7. The steam turbine according to claim 1, wherein a membrane
formed by the surface treatment is oxide ceramics.
8. The steam turbine according to claim 1, wherein an average
thickness of a membrane formed by the surface treatment is 0.01
.mu.m or more and 50 .mu.m or less.
9. The steam turbine according to claim 1, wherein a membrane
formed by the surface treatment exists at a position of less than
10 mm from a rear edge of the stator blade and the rotor blade
toward an upstream side and at a back side.

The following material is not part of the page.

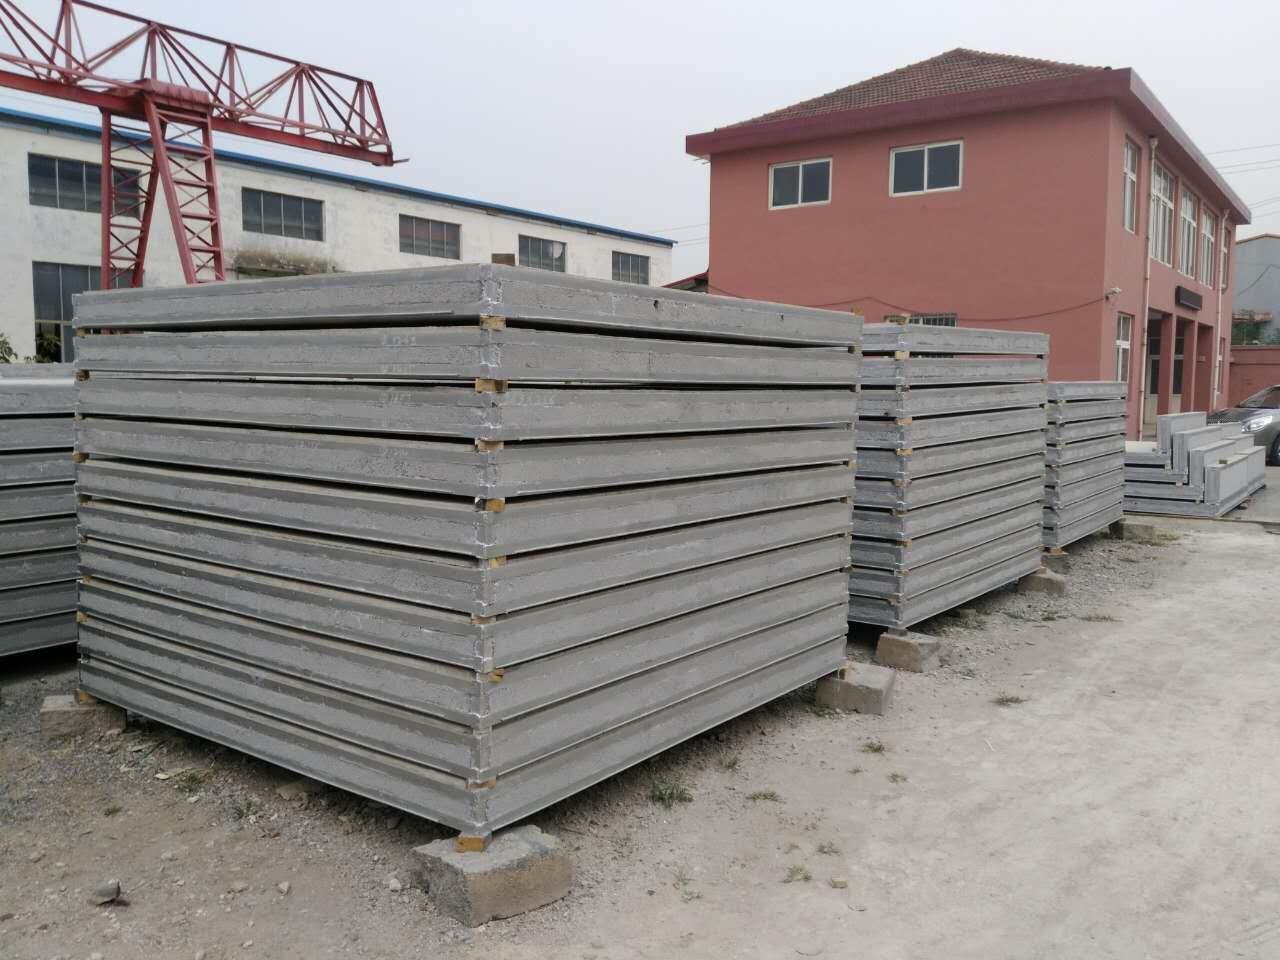 供应钢边框轻型板厂家,钢骨架轻型屋面板质量过硬

10. A steam turbine blade, used for a steam turbine including: a
turbine rotor; a rotor blade implanted to the turbine rotor; a
stator blade provided at an upstream side of the rotor blade; and a
turbine casing supporting the stator blade and including the
turbine rotor, the rotor blade and the stator blade, in which a
stage is formed by a pair of the rotor blade and the stator blade,
and a steam passage is formed by arranging plural stages in an
axial direction of the turbine rotor, as the stator blade or the
rotor blade, wherein a surface treatment suppressing an increase of
a surface roughness caused by oxidation is performed for at least a
part of surfaces thereof.
11. The steam turbine blade according to claim 10, wherein the
steam turbine blade is made up of ferritic steel or super
heat-resistant steel.
12. The steam turbine blade according to claim 10, wherein the
surface treatment does not increase the surface roughness of a base
material.
13. The steam turbine blade according to claim 10, wherein the
surface roughness is the one in which a maximum height Rmax after
the surface treatment is 1.6 .mu.m or less.
14. The steam turbine blade according to claim 10, wherein a
membrane formed by the surface treatment is oxide ceramics.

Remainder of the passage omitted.